One in four adults, or 61 million people, are disabled in the United States, yet the myth of the able body persists. The fact is, all bodies have different needs and abilities over their lifetimes. As these books show, creating an imaginative and accessible world helps everyone.
In Sitting Pretty: The View From My Ordinary Resilient Disabled Body, Rebekah Taussig shares her experiences of disability in eight provoking and lyrical essays. As a child, Taussig moved her body with joy and confidence. But as she grew older, her environment told her a different story about her body. She noticed how many spaces weren’t made for her needs, saw the pitying looks strangers gave her and heard ableist narratives from the media, in which disabled bodies like hers were either weak or objects for other people’s inspiration. Gradually, she stopped feeling comfortable in her body. In her book, Taussig discusses everything from how the disabled body is left out of feminist conversations, to uncomfortable experiences with kindness, to love, sex and marriage as a disabled person. This collection is essential reading, and its intimate writing style will help readers see disabled folks as the human beings they have always been.

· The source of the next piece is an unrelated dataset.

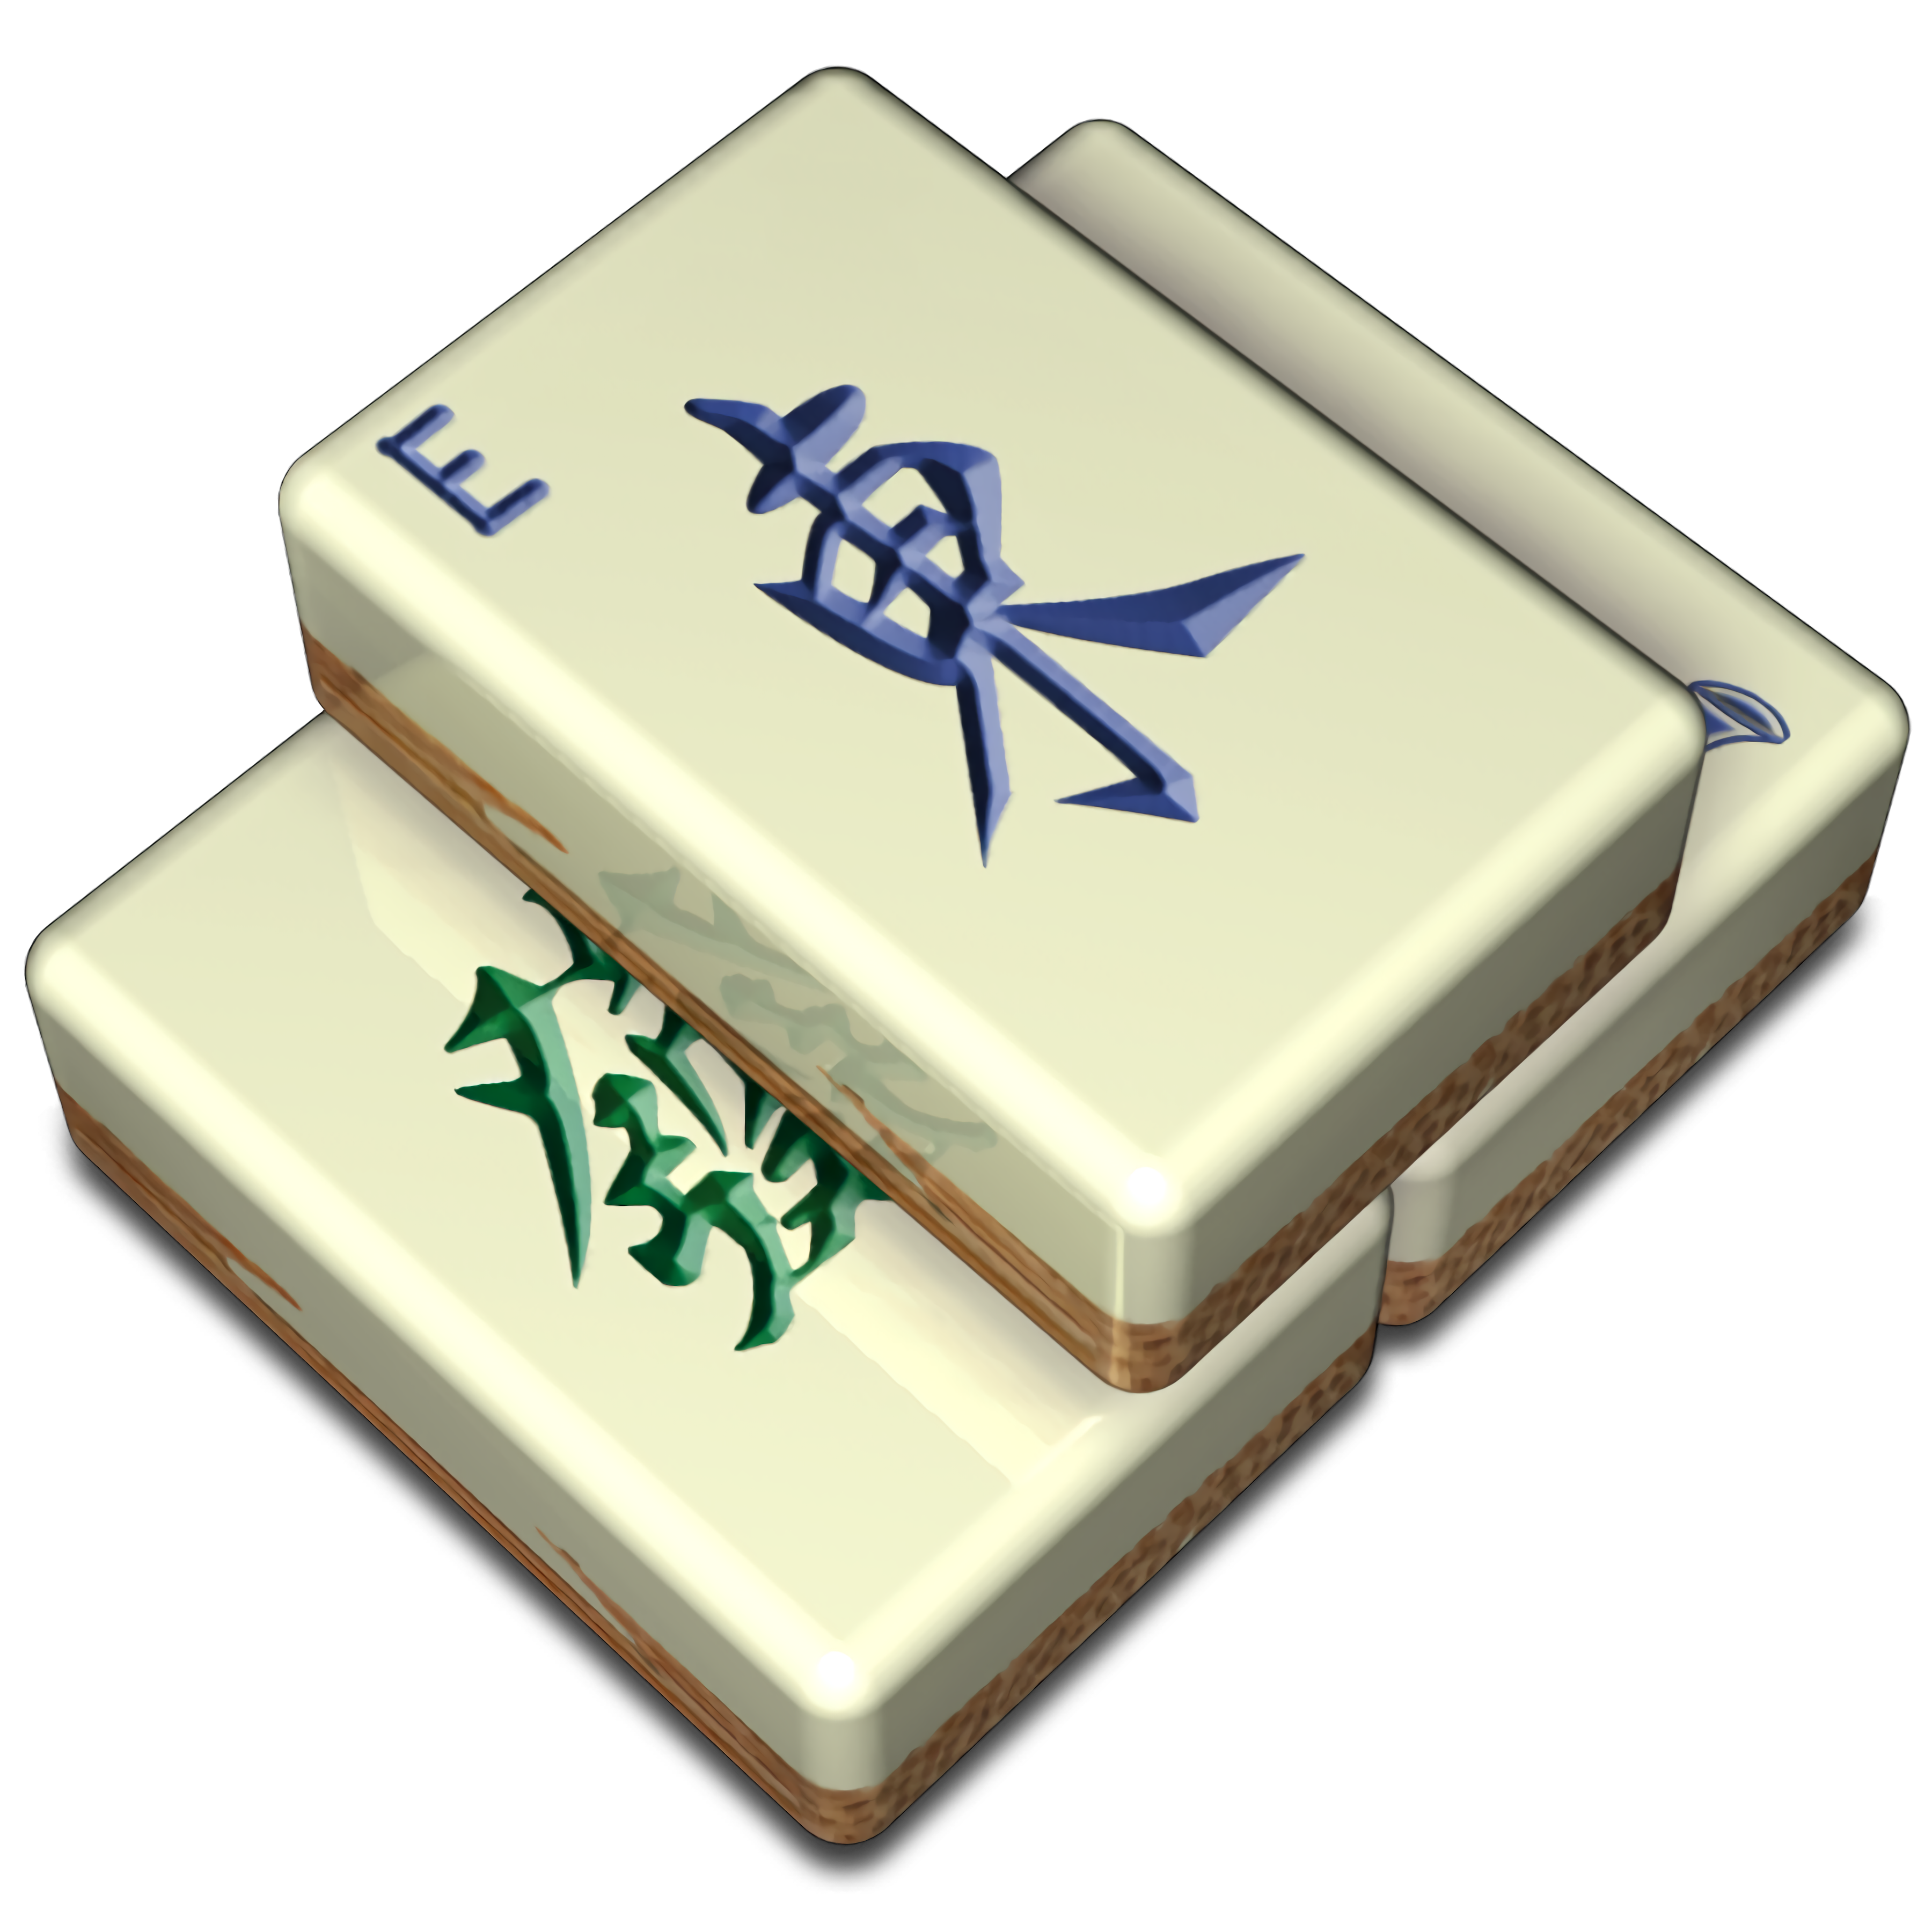 Jogos Mahjong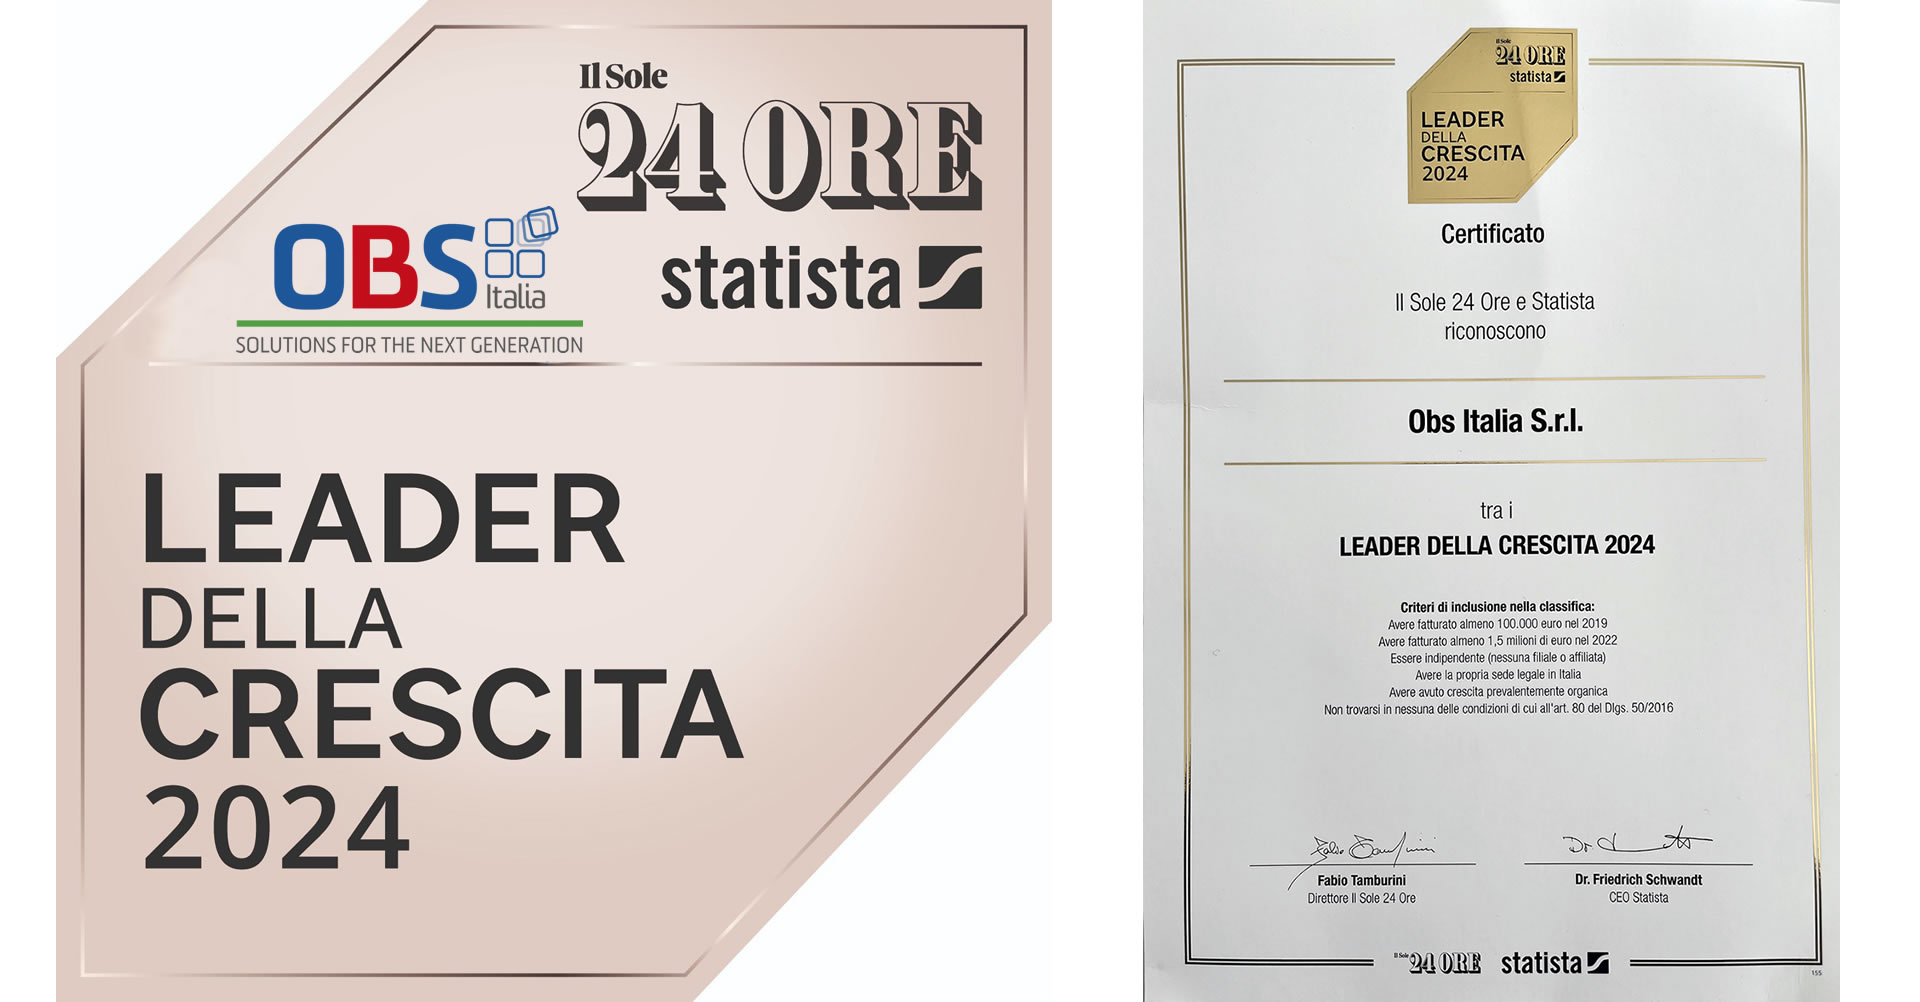 Sole24ore - OBS Italia attestato Leader crescita 2024

In “More Than a Defect,” Taussig describes teaching her high school students two models of disability: the medical model and the social model. The medical model is the most common way of viewing disability; it views the disabled body as an object to be fixed. In the social model, the environment that surrounds a disabled body is the object that needs to be fixed. When we use the social model, we begin to see how our culture stereotypes disabled bodies and creates inaccessible environments.
What Can a Body Do? How We Meet the Built World by Sara Hendren focuses on these created environments through seven essays that look at specific objects of design. In the chapter titled “Chair,” she tells the story of a cardboard chair created by the Adaptive Design Association and how it benefits Niko, a toddler with a rare genetic condition called STXBP1. The chair is sustainable, affordable and adaptable to individual needs.
Through stories like Niko’s, Hendren shows that the purpose of accessible design should not be to fix a body, but rather to meet the body where it is. Reshaping and expanding the built world can accommodate many ways of being human. For example, sidewalk curb cuts were created for wheelchair access, but parents with strollers and travelers with rolling suitcases also benefit from their implementation. By applying “what if” questions to practical design, we can build spaces that accommodate every body. What Can a Body Do? is a fascinating look at the ingenuity behind these accessible designs.